→ Given material:
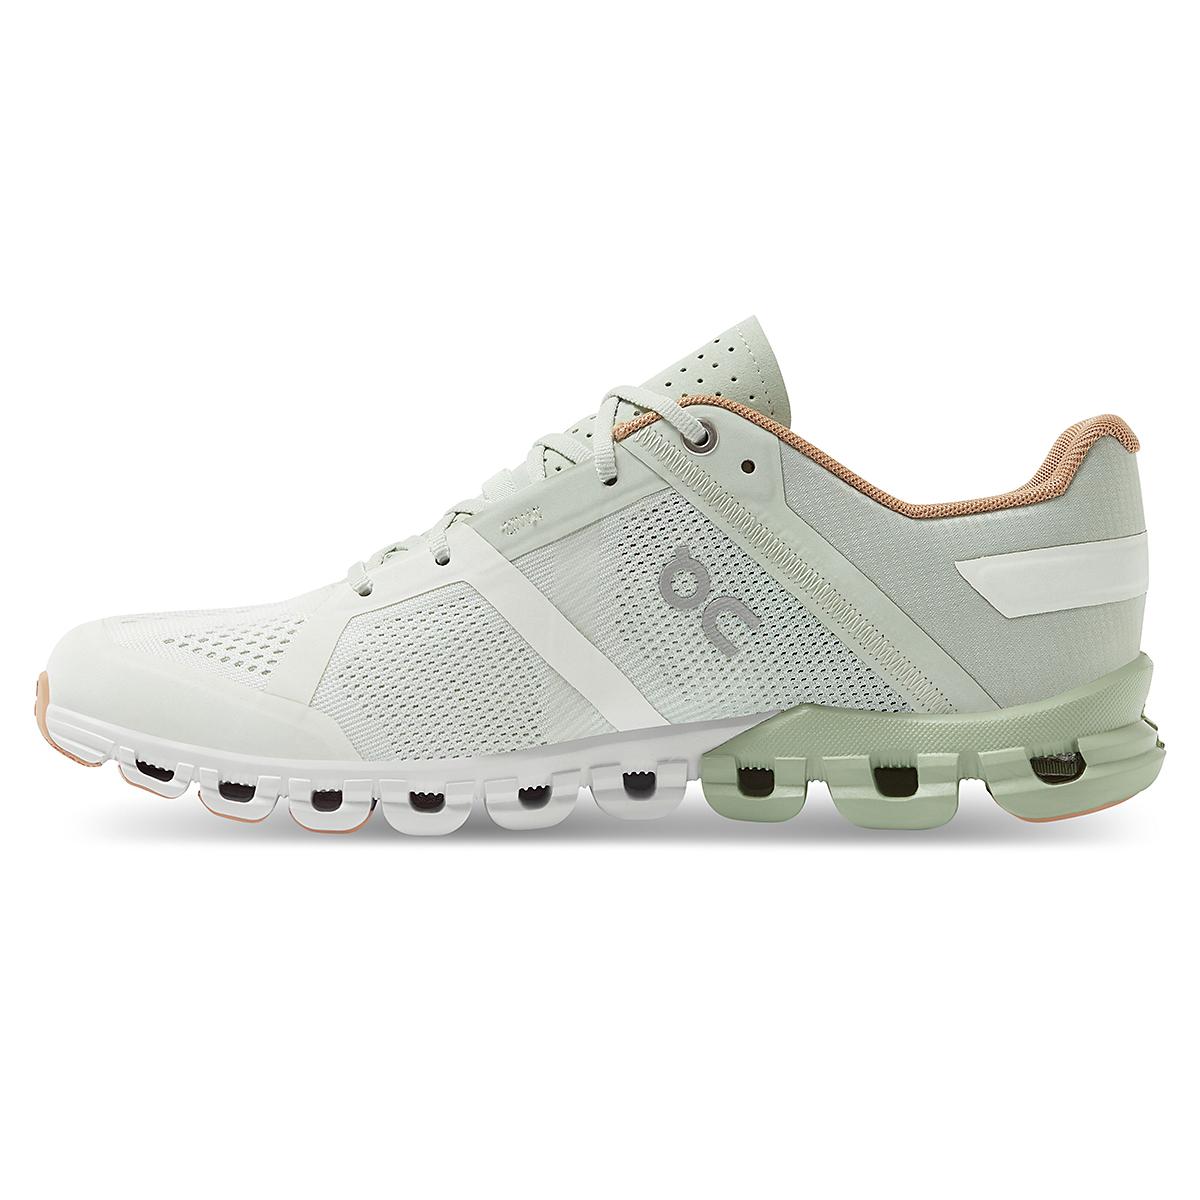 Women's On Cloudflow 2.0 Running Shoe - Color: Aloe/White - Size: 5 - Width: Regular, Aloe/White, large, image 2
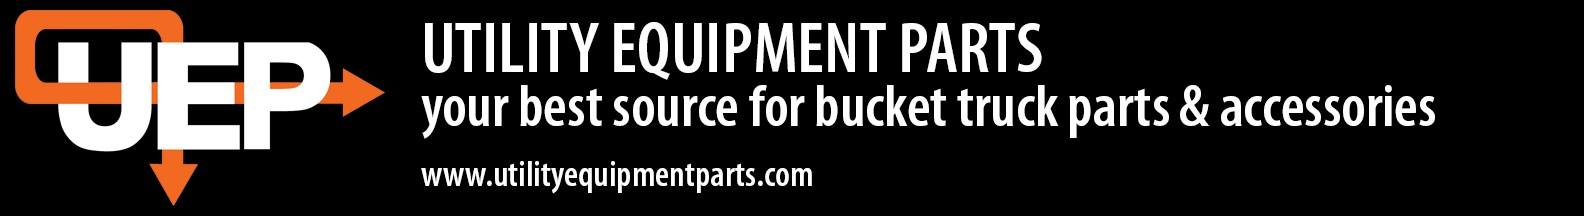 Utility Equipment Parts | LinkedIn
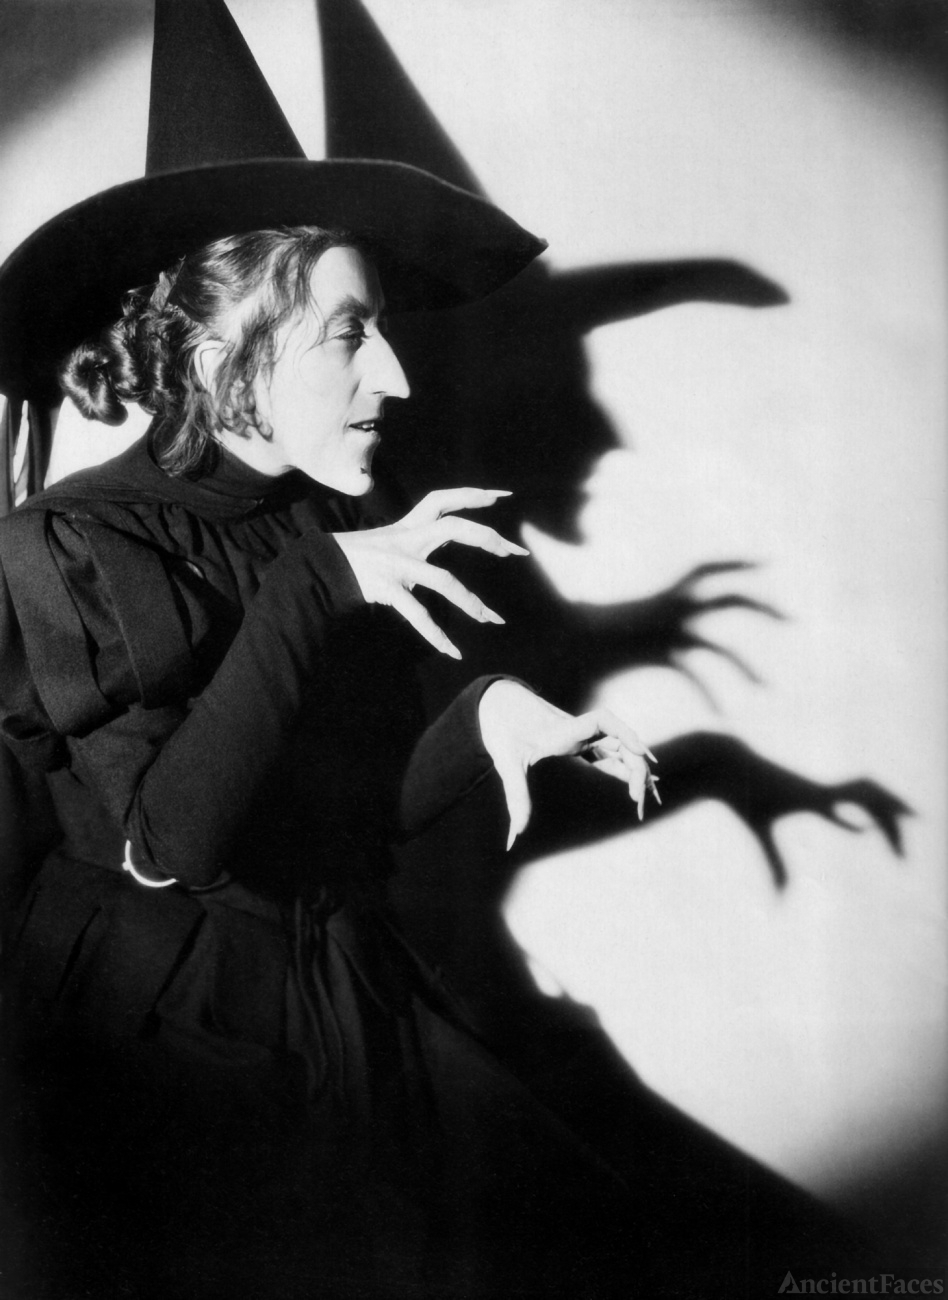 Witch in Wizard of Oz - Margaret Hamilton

→ Task description: Return the data exactly as it stands, minus the pictures.

→ Your solution:
 Women's On Cloudflow 2.0 Running Shoe - Color: Aloe/White - Size: 5 - Width: Regular, Aloe/White, large, image 2
 Utility Equipment Parts | LinkedIn
 Witch in Wizard of Oz - Margaret Hamilton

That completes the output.